I think I'll give it a try to The KMPlayer.

rick.ca:
Get serious. Get J. River Media Center.

I don't know which of those mentioned, if any, will use CoreAVC. My understanding is it's a big help to older systems trying to handle HD video.

Hyomil:
I haven't tried J. River Media Center yet, but KMPlayer now has a ton of options.  I use BSPlayer for screenshots because its the only player I've found that enables you to frame-step backwards as rapidly as forward.  This is due to, when you frame-step forward, all the frames are stored in RAM, so you can instantly step back through them to pick the best frame.  Some other players enable backward-stepping but they're either slow or only step back to the previous keyframe.  (I use the ShuttleXpress jog-shuttle rather than the keyboard to make it even faster.)  You can also configure it to save both the timecode and the frame number in the filename of the screenshot.

buah:
Yes, you're right.

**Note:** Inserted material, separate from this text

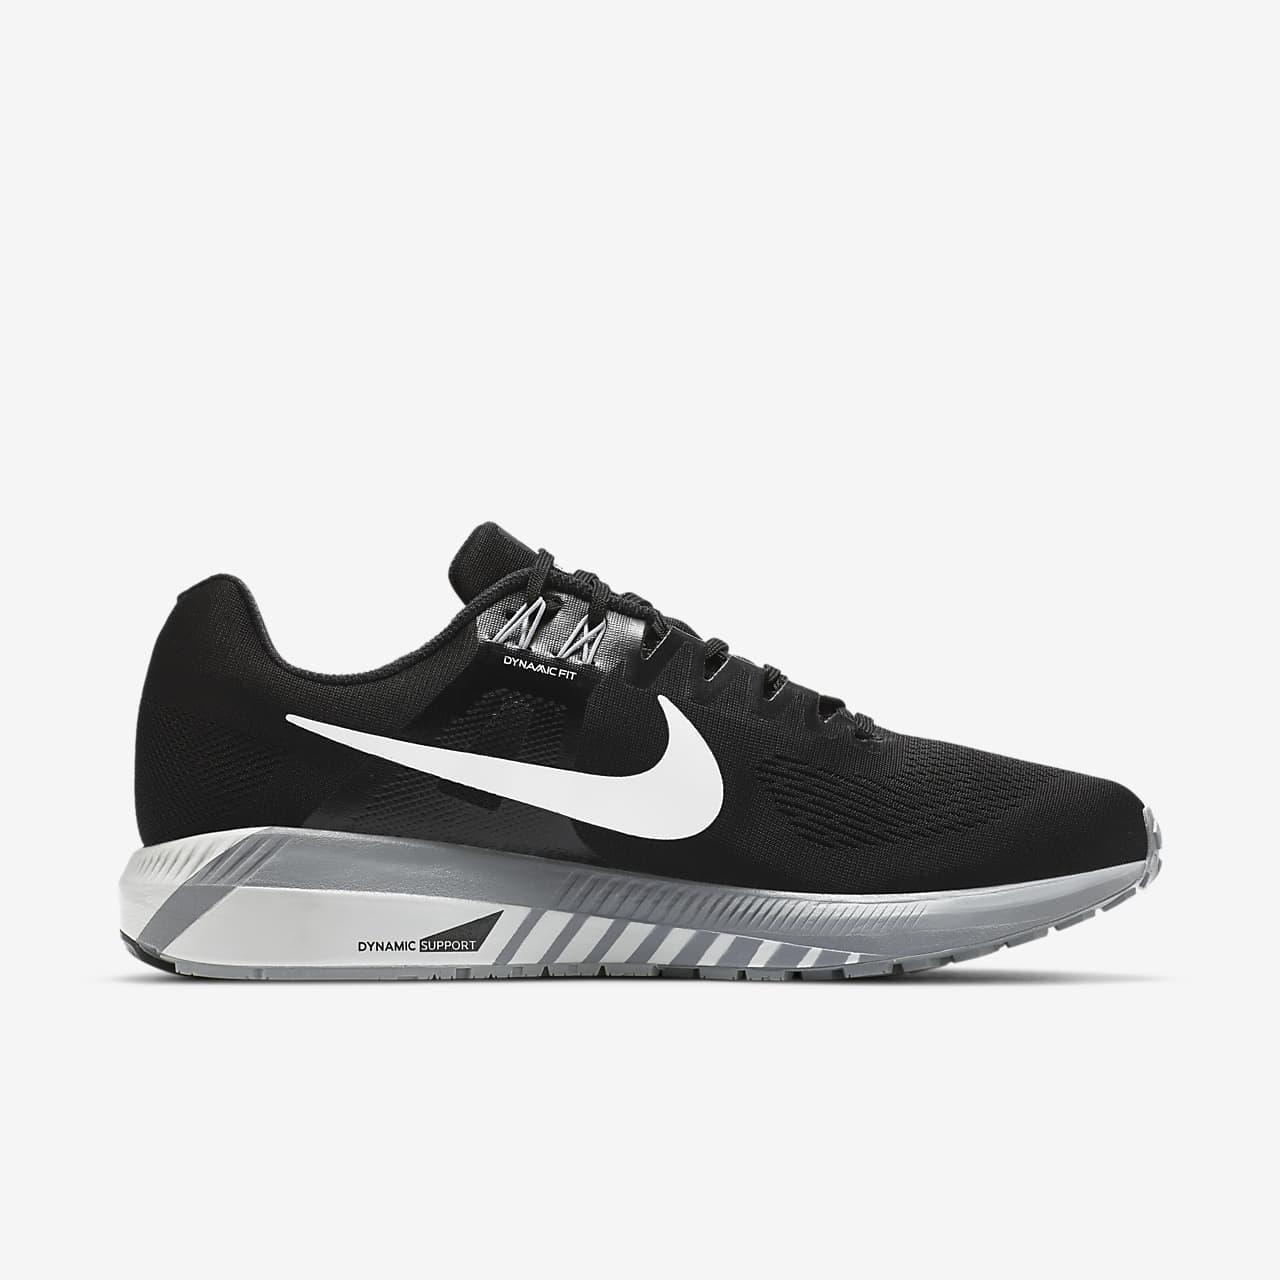 ... Scarpa da running Nike Air Zoom Structure 21 - Uomo

CoreAVC helps to handle HD video, but for me only in combination with GOM Player, used as an external filter.

rick.ca:

--- Quote ---Yes, you're right. CoreAVC helps to handle HD video, but for me only in combination with GOM Player, used as an external filter.
--- End quote ---

Which is why the claim any standalone player is good solution because "it plays everything" (as very commonly said about VLC) is misleading. The only way to play all video with the best video and the best audio for the devices you have available is to use the Windows filter system—with whatever filters are required in the circumstances. MC supports that, as well as allowing you to use whatever player you want, by file type. It can get complicated and very frustrating to configure properly, but that's what you need to do if you want quality.

All this may be unnecessary, of course, if you're just playing video on a PC with a crappy sound system. But many people today want to play anything they find on the Internet to a Blu-ray on a home theatre system. I don't think any standalone player will cut it.